Waite Hockin Stirling (1829 – 19 November 1923) was a nineteenth-century missionary with the Patagonian Missionary Society (later known as the South American Missionary Society) and was the first Anglican Bishop of the Falkland Islands. He was brother-in-law to Thomas Phinn. He was also a grandnephew of Sir Thomas Stirling, 5th Baronet of Ardoch.

==Patagonian Missionary Society==
In the mid-nineteenth century, the Patagonian Missionary Society suffered several major losses and setbacks in the project for the Yaghan people at Tierra del Fuego archipelago. In 1851 Captain Allen Gardiner and his companions at Spanish Harbour on Picton Island died of starvation. In 1859 the Yahgan massacred a group of missionaries at Wulaia, Navarino Island.

In 1854, the Society re-established its missionary base at Keppel Island in the Falkland Islands; Stirling became secretary of the mission in England. In 1861 he went to Keppel Island as the mission superintendent. From there, he re-established contacts with the Yaghan of Tierra del Fuego. In January 1869 he served as a lone missionary at Ushuaia in Tierra del Fuego.

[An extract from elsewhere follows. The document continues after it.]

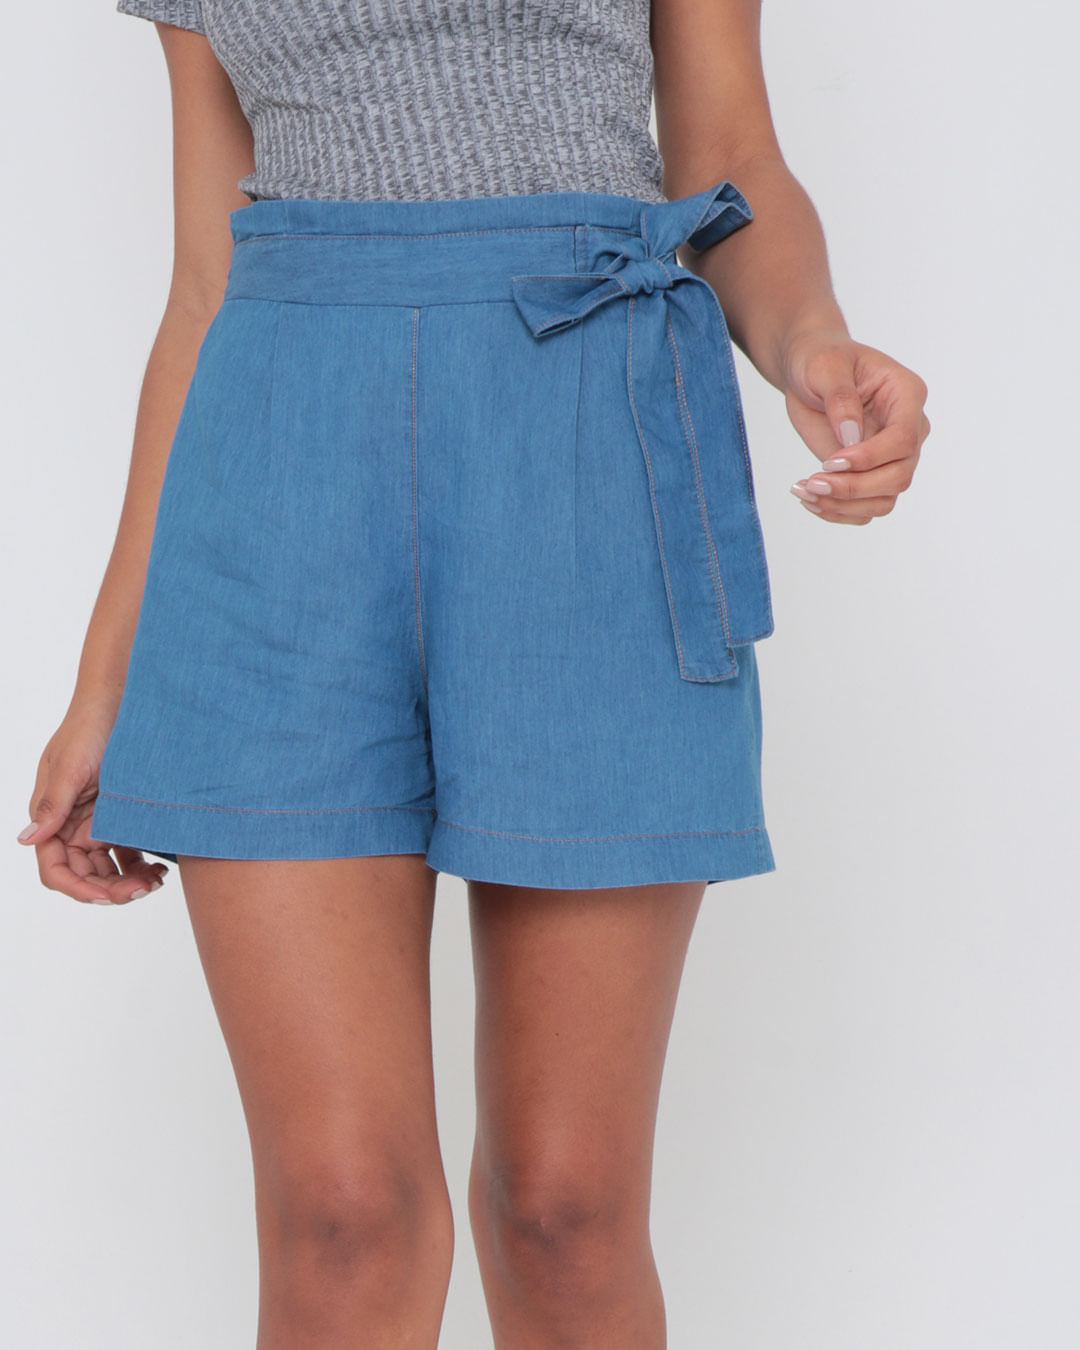 Short-Jeans-Feminino-Com-Babado-Azul-

Whilst serving at Ushuaia as "God's Lonely Sentinel", as Stirling called himself, he was summoned to London to be consecrated on 21 December 1869 in Westminster Abbey as "Bishop of the Falkland Islands." It was contemporary practice to name overseas bishoprics after one of Her Majesty's possessions. Seven consular chaplaincies in South America and several private company chaplains were placed under Stirling's jurisdiction. He spent his first few years establishing his authority over recalcitrant clergy and congregations. They resented this Episcopal "upstart" and thought they still owed allegiance to the Bishop of London, previously responsible for the supervision of overseas Colonial and Consular Chaplaincies.

The Anglican mission at Ushuaia was expanded by Thomas Bridges and George Lewis, who lived there with their families starting in 1871. Later relocated within the Tierra del Fuego archipelago, the mission was continued by other ministers until 1916.

On 14 January 1872, Bishop Stirling was assigned his "Throne and Episcopal Chair" by the Colonial Chaplain, the Reverend Charles Bull. His enthronement was to take place in the Exchange Building in Port Stanley; however, Stirling refused to be enthroned in "half a commercial building" because it was not a cathedral. After a wall of the Exchange Building was destroyed in 1886, the present Stanley Cathedral was built, and consecrated in 1892.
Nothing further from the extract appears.